• _Directions for this task_
All of the lines below are to be transcribed faithfully, with pictures excluded from the copy.

• _Dataset content_
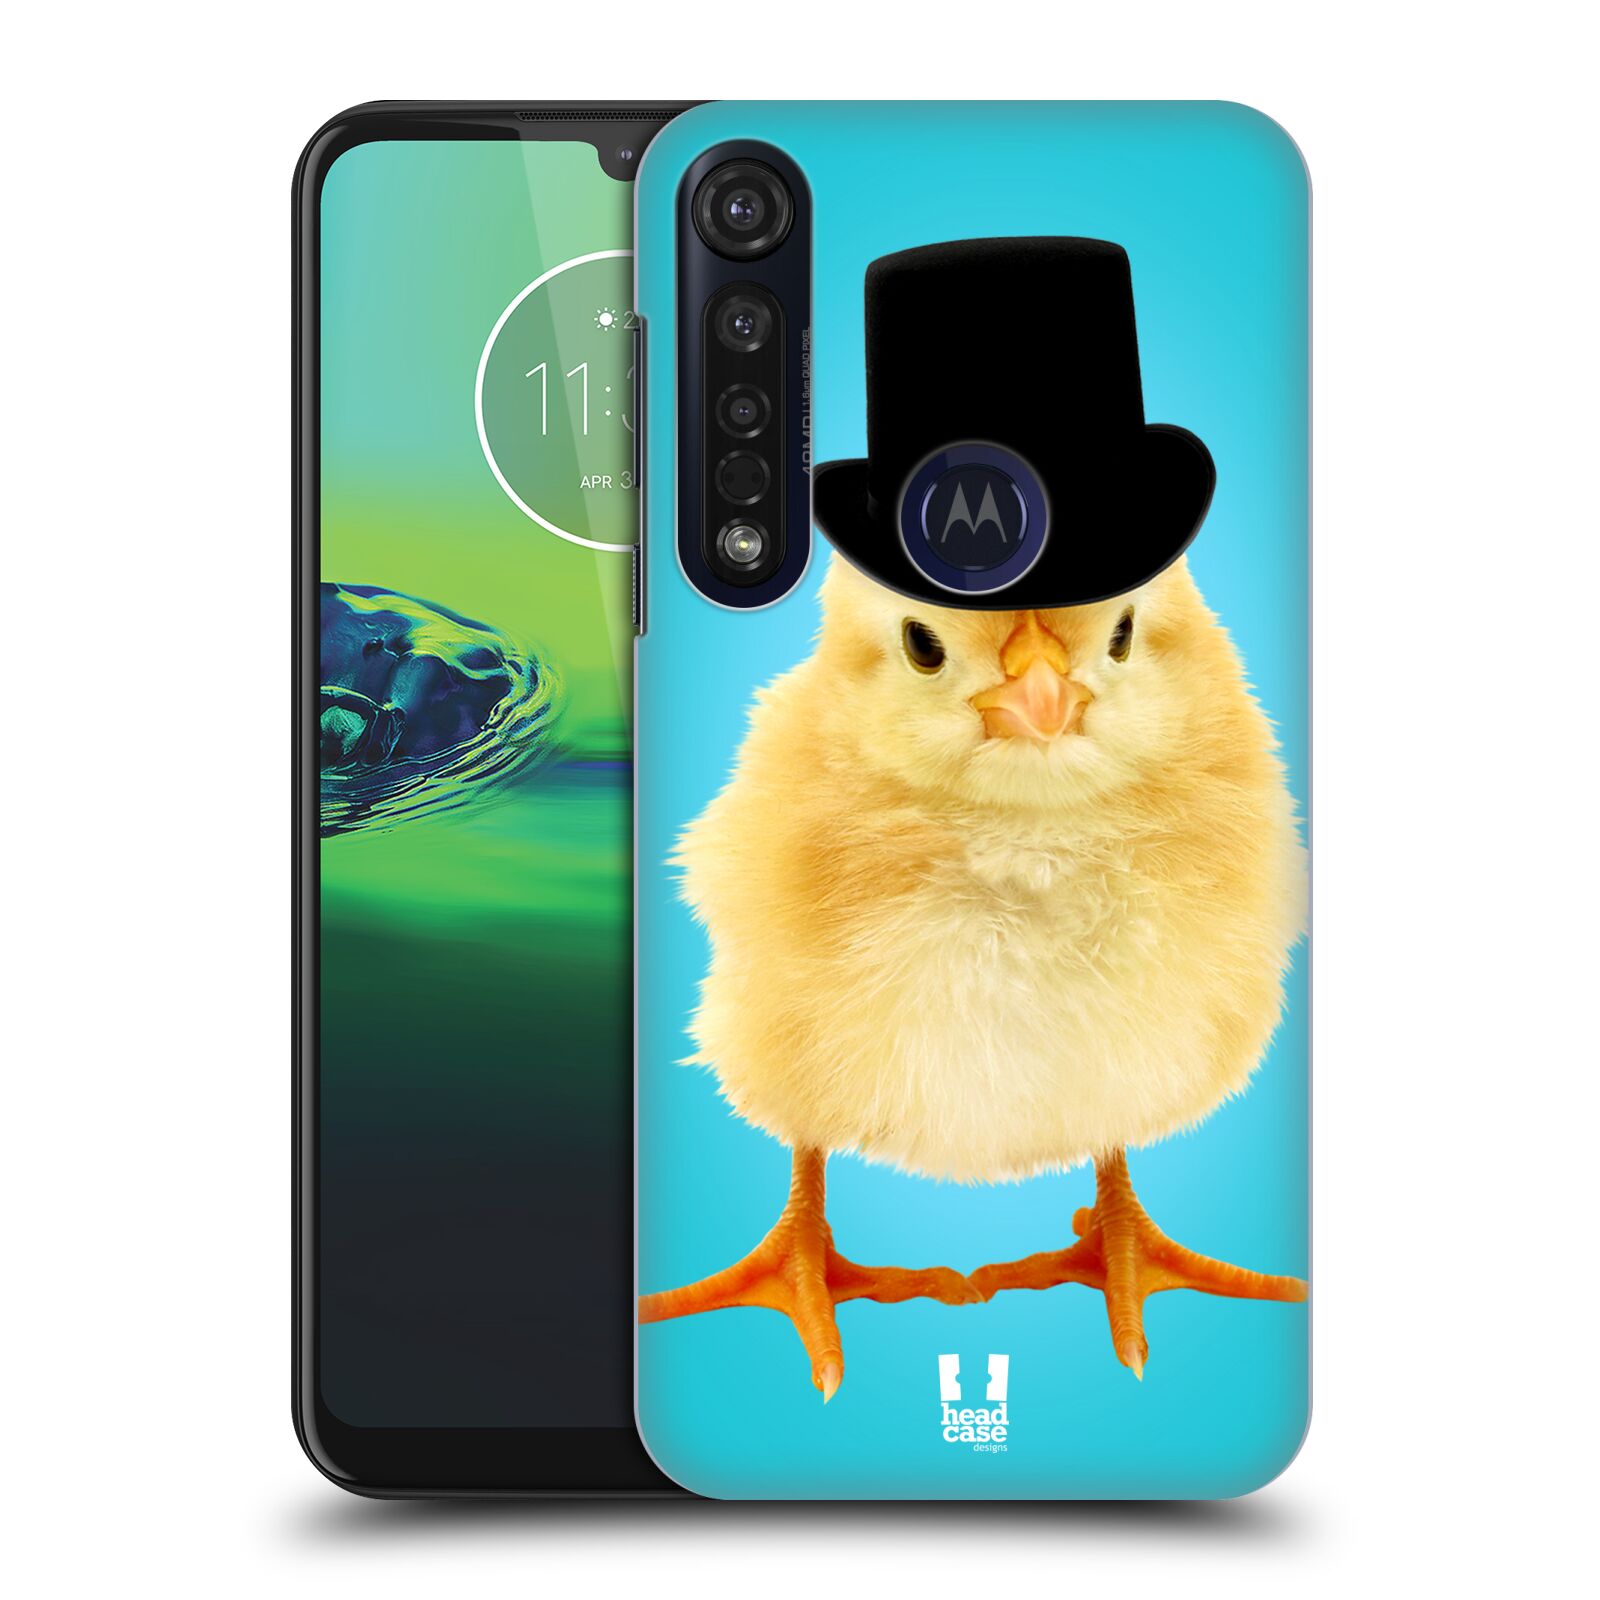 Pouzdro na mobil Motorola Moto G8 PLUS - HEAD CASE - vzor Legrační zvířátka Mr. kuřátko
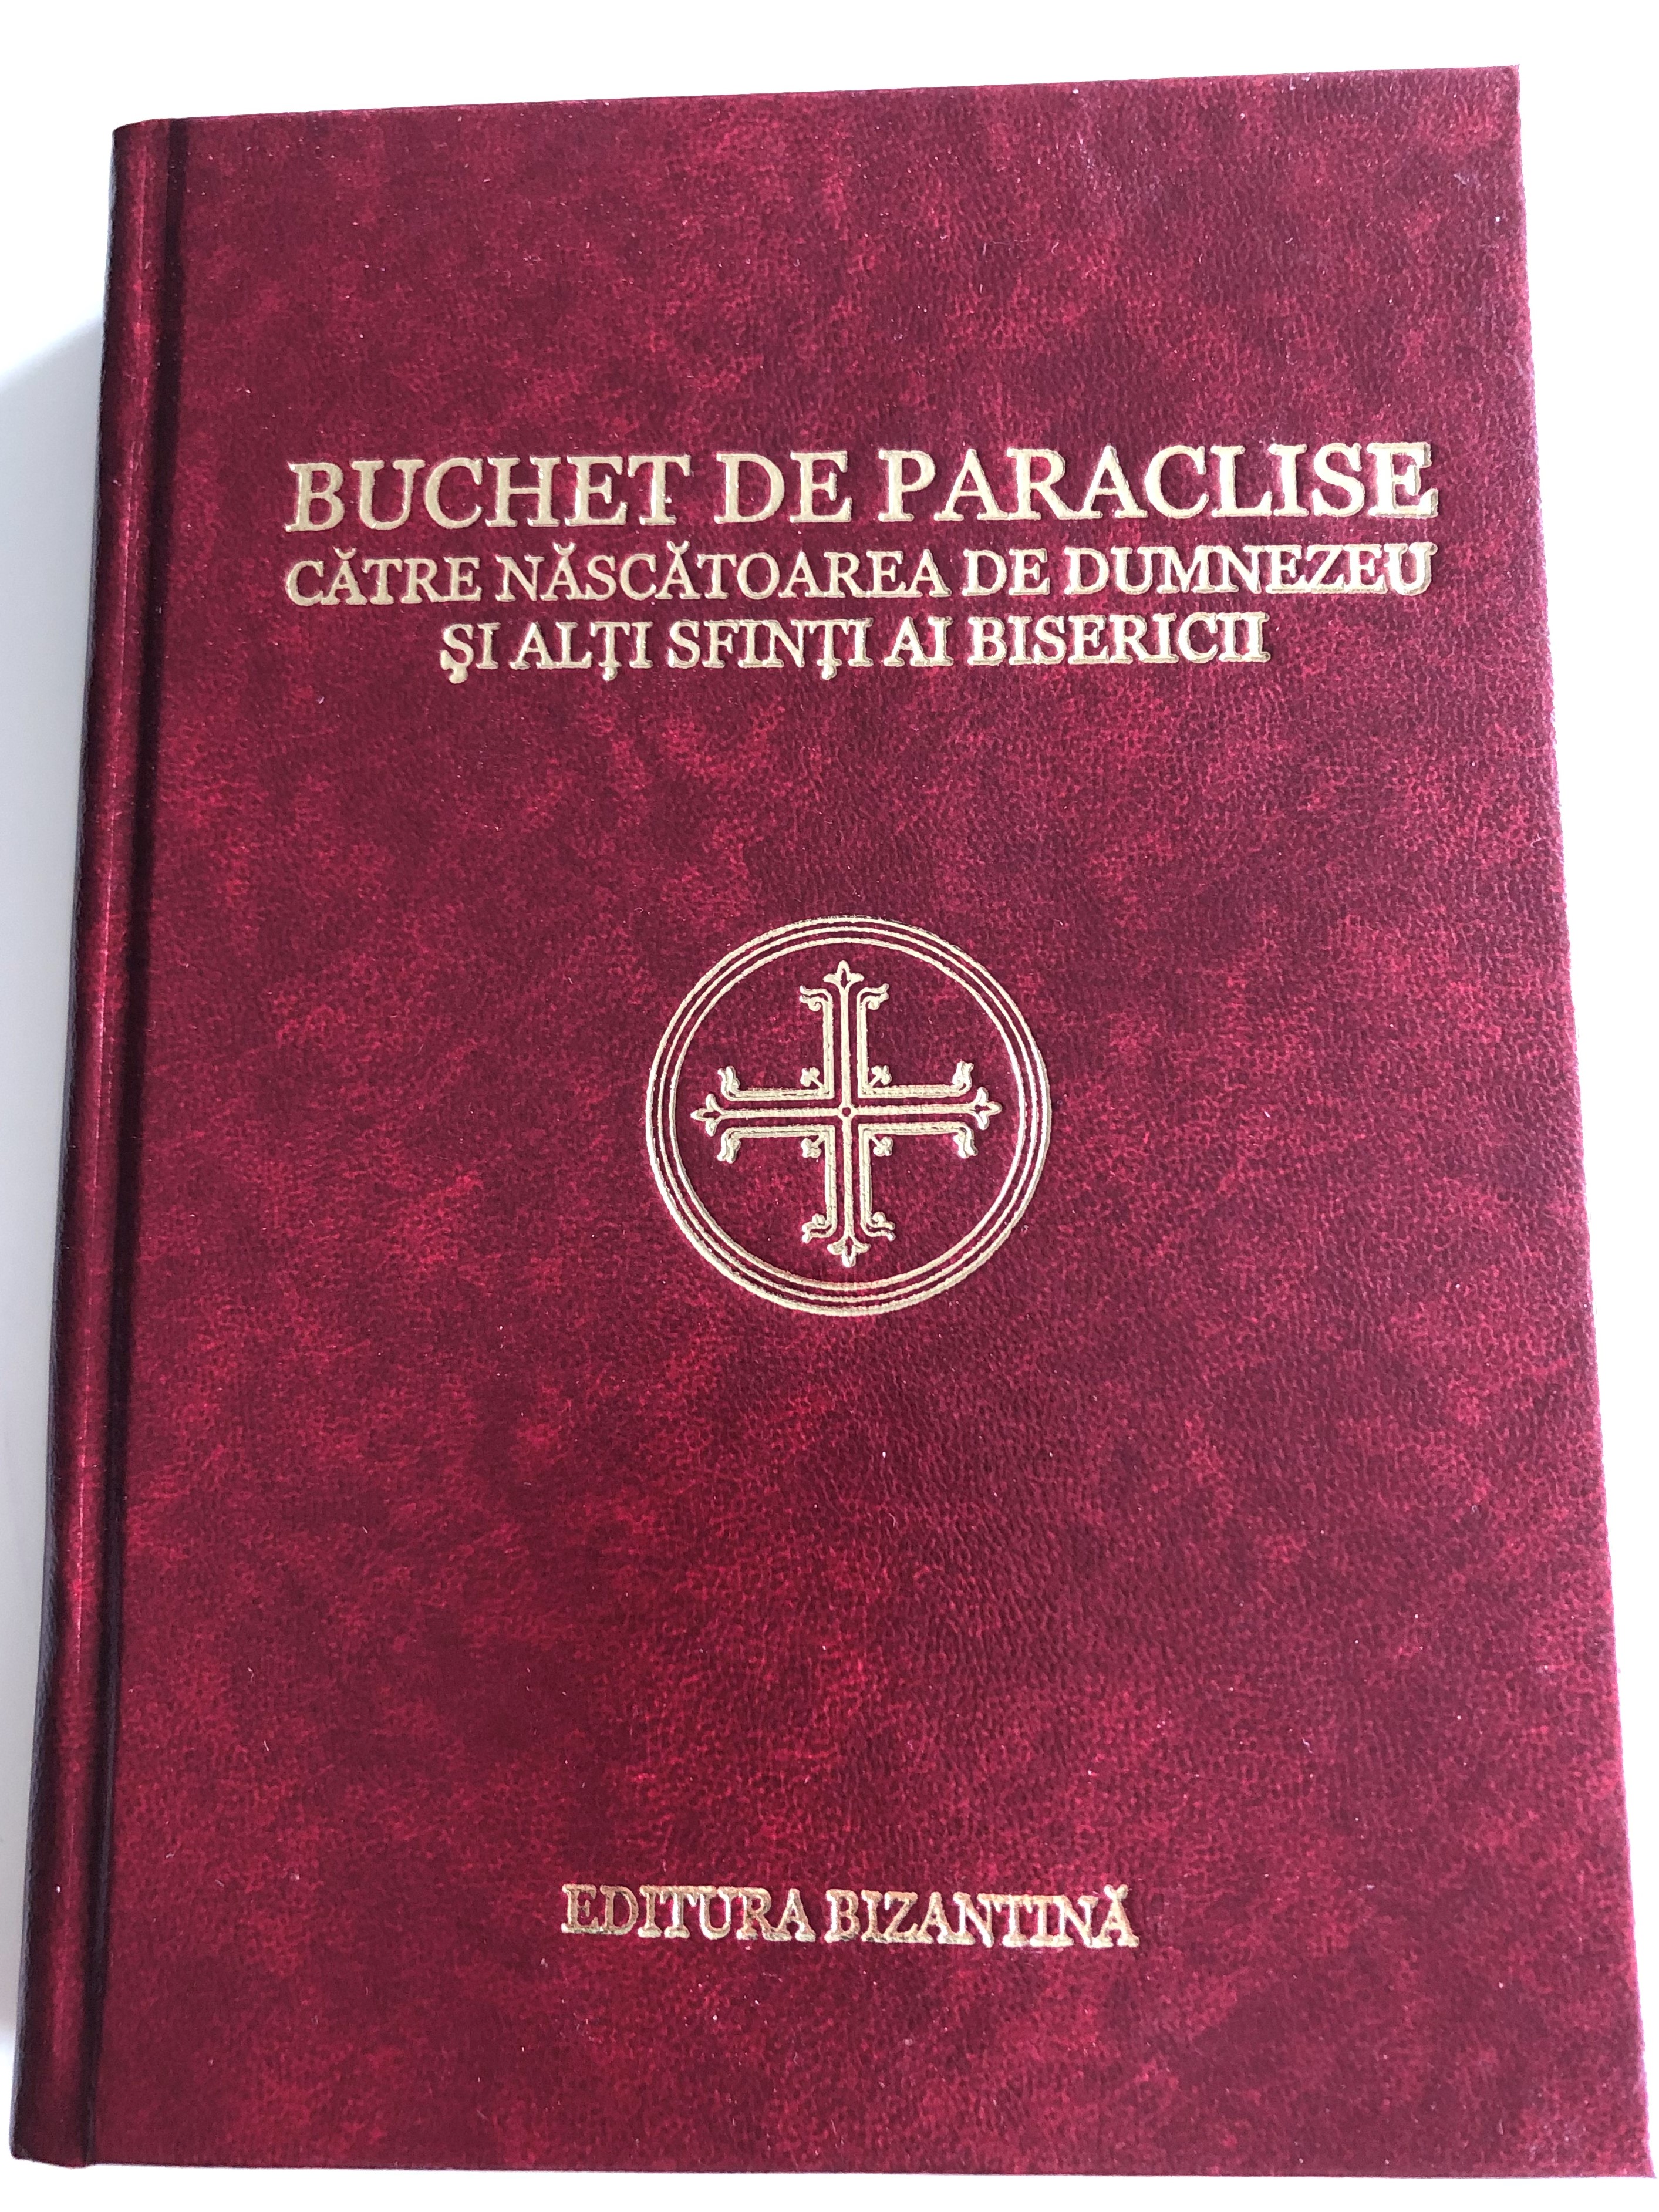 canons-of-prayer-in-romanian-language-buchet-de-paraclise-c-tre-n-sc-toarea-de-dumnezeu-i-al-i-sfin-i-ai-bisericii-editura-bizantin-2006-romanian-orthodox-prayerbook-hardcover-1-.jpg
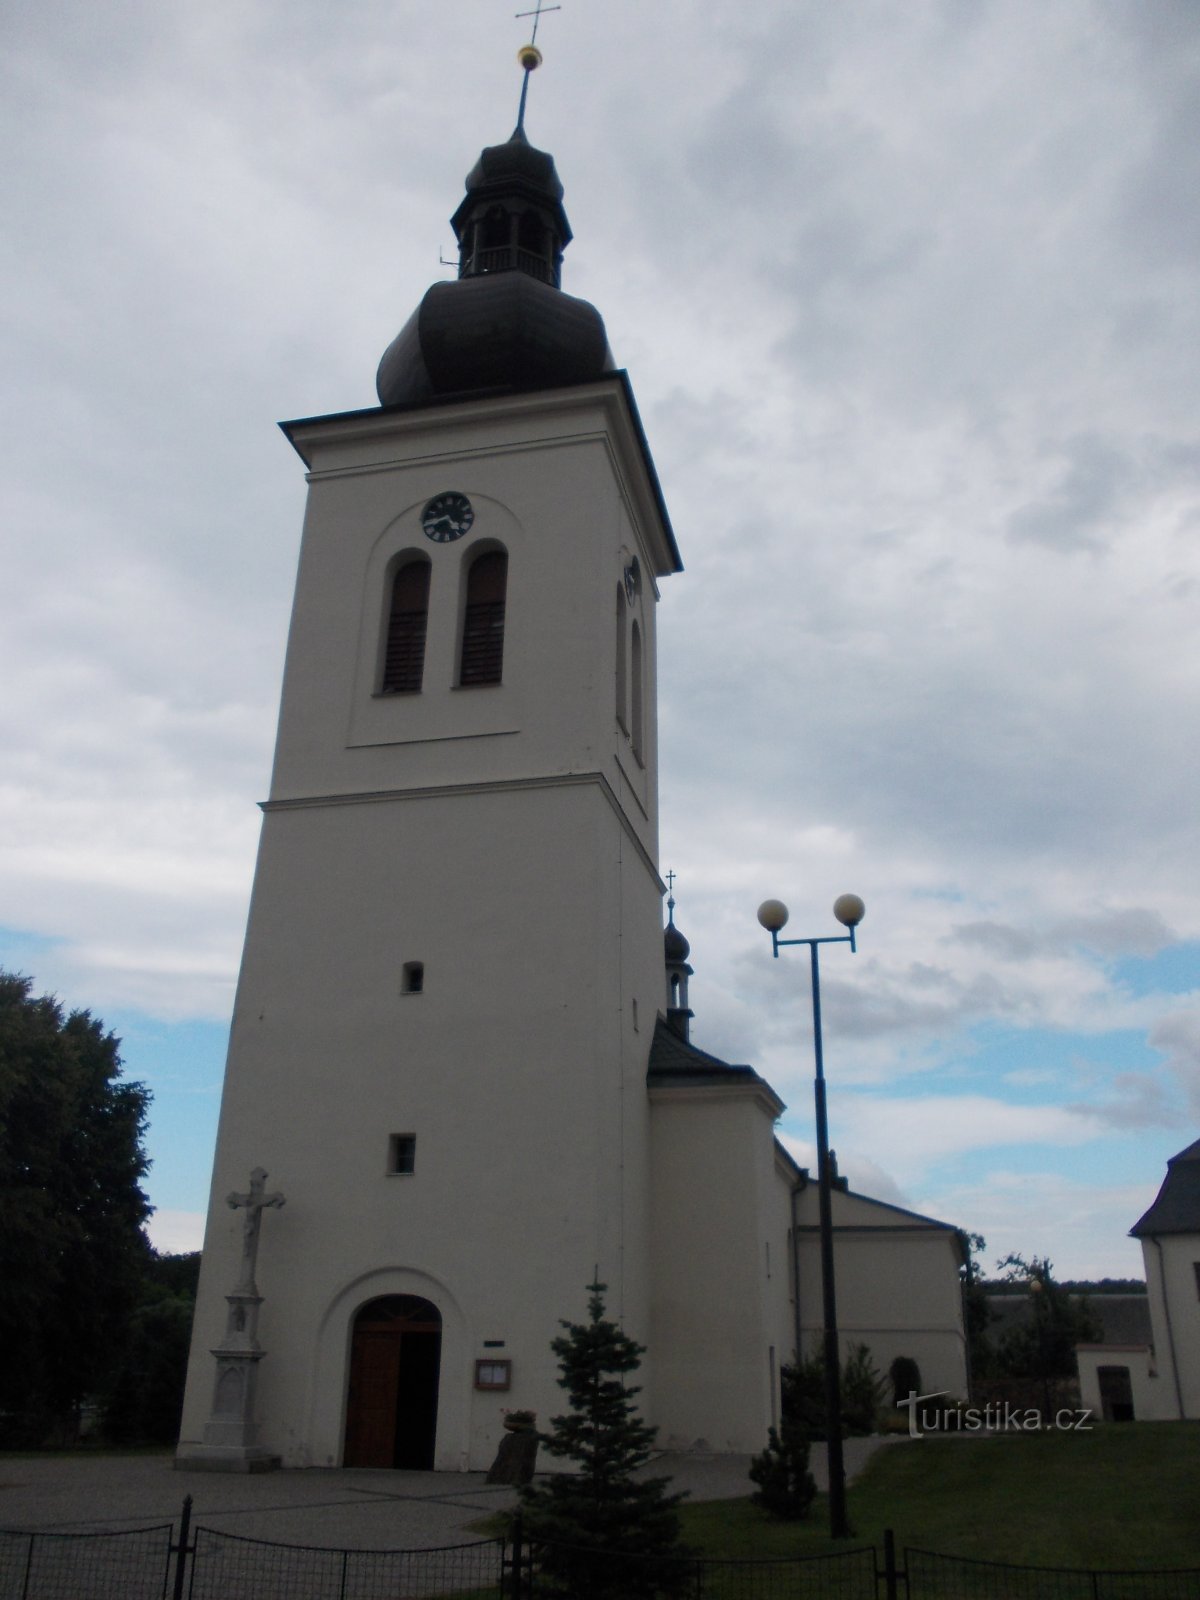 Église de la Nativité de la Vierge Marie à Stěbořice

• _Output_
 Pouzdro na mobil Motorola Moto G8 PLUS - HEAD CASE - vzor Legrační zvířátka Mr. kuřátko
 canons-of-prayer-in-romanian-language-buchet-de-paraclise-c-tre-n-sc-toarea-de-dumnezeu-i-al-i-sfin-i-ai-bisericii-editura-bizantin-2006-romanian-orthodox-prayerbook-hardcover-1-.jpg
 Église de la Nativité de la Vierge Marie à Stěbořice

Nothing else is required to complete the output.